- TASK
What is needed is an exact copy of the lines in the entries below from the one holding "Farmers Poppy Ale" through the one holding "City sightseeing Tours in Mumbai", pictures excluded.

- EXERCISE DATA
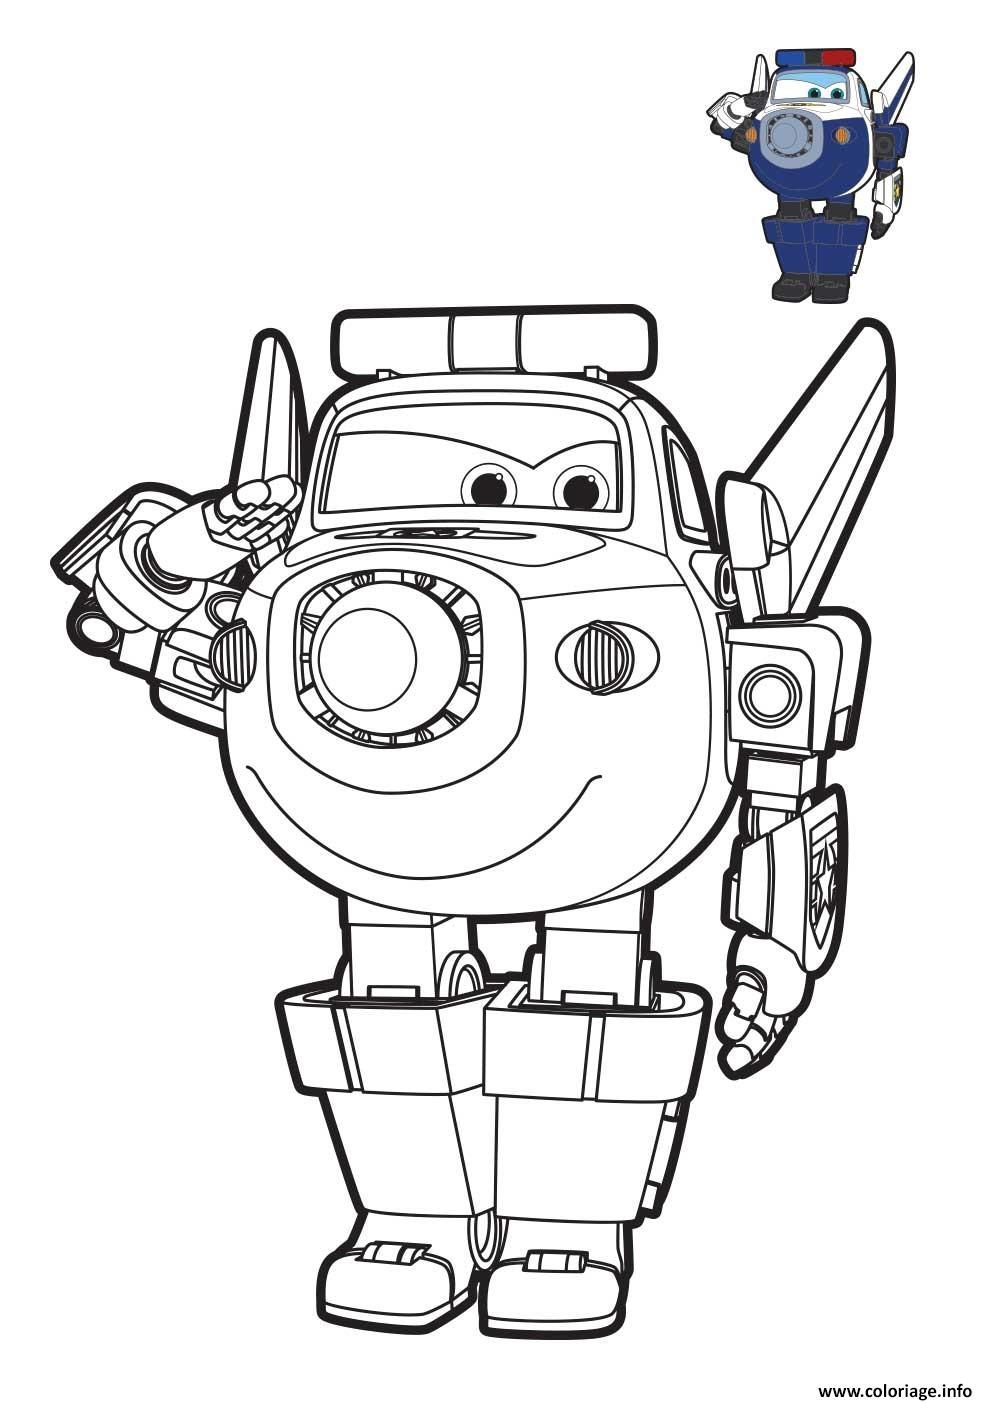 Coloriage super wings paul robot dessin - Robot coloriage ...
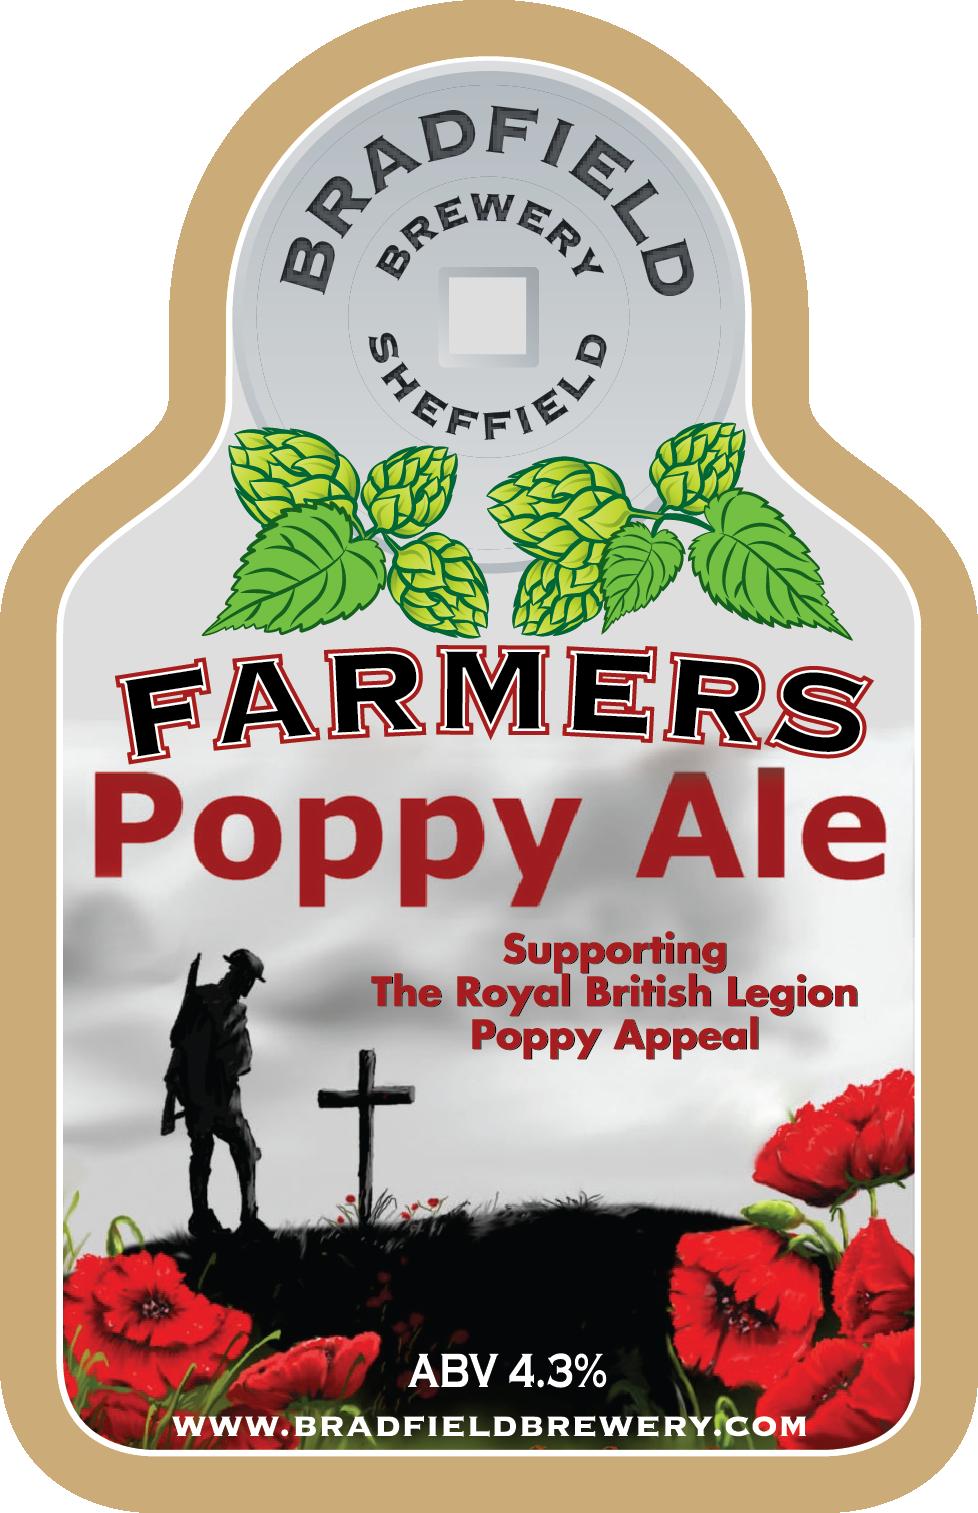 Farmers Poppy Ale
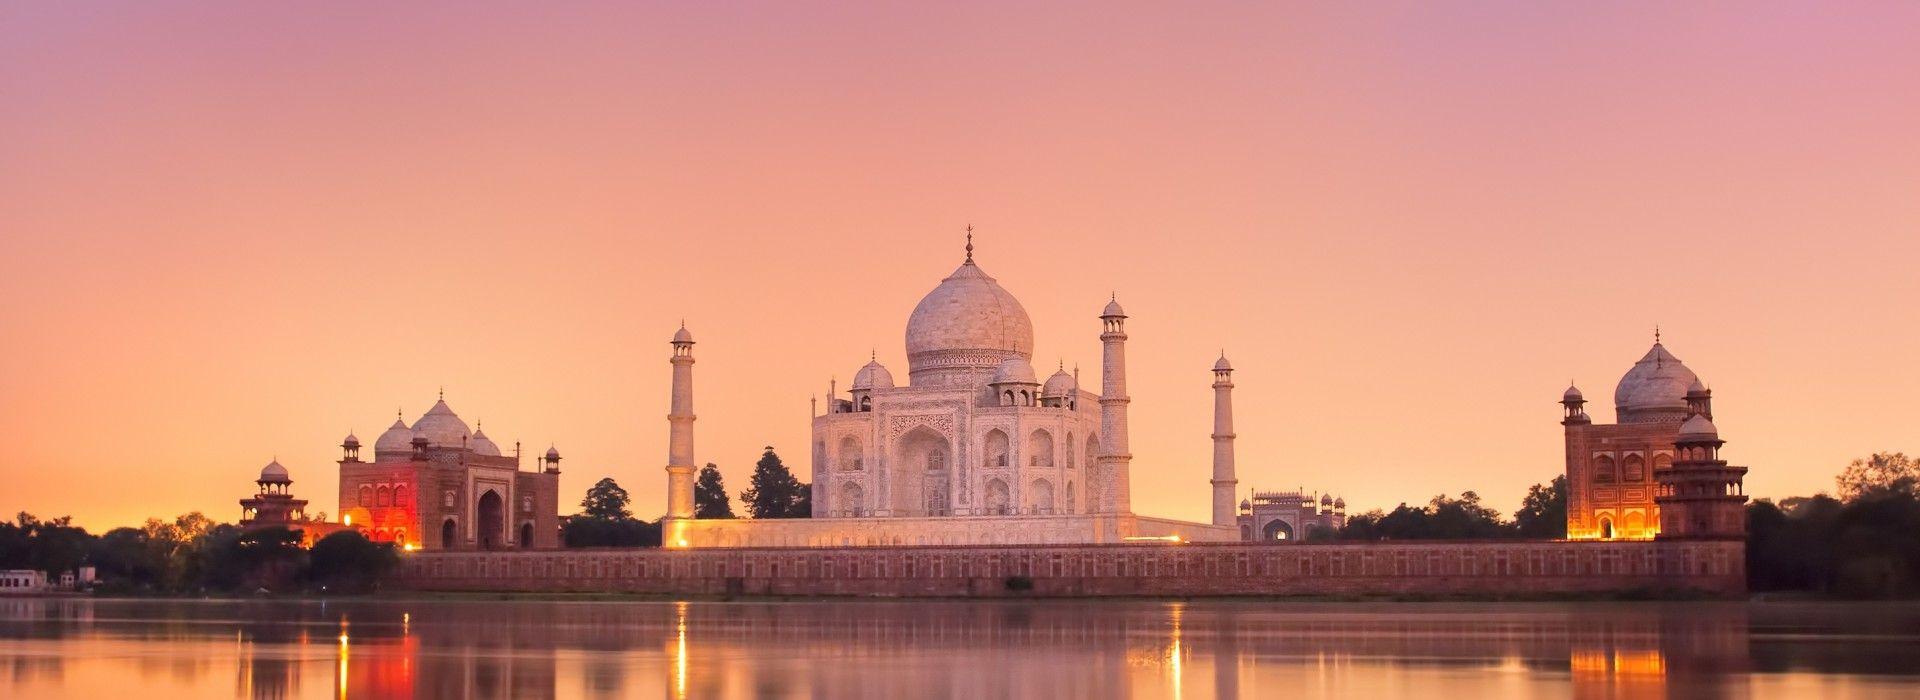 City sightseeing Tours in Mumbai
...
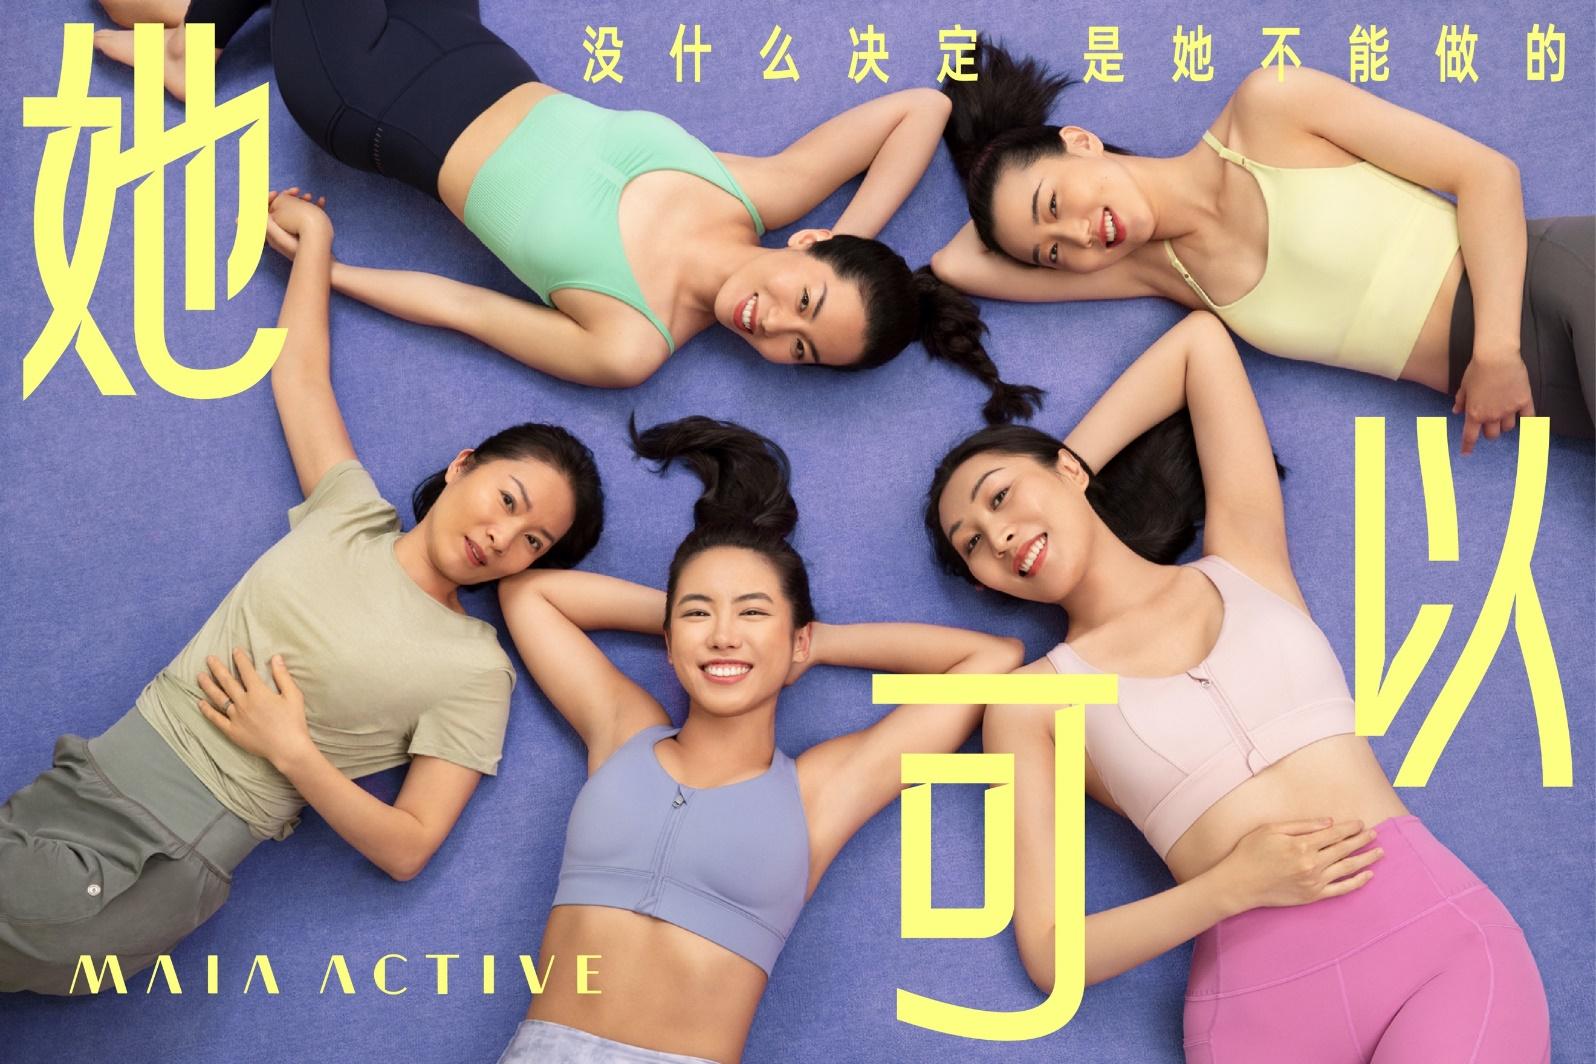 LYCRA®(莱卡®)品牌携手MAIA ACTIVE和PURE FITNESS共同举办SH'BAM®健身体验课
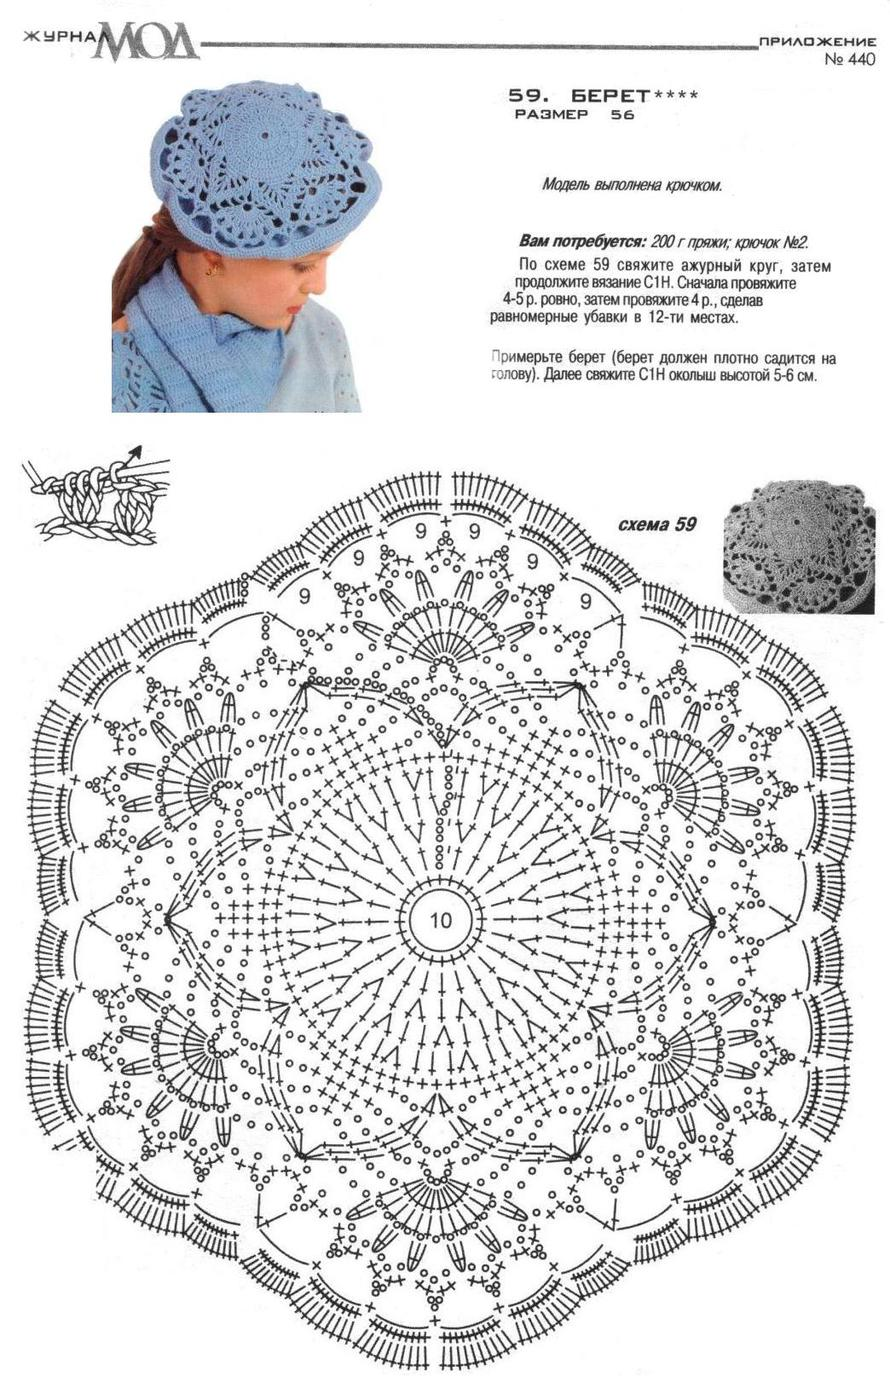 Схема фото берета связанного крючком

- ANSWER SECTION
 Farmers Poppy Ale
 City sightseeing Tours in Mumbai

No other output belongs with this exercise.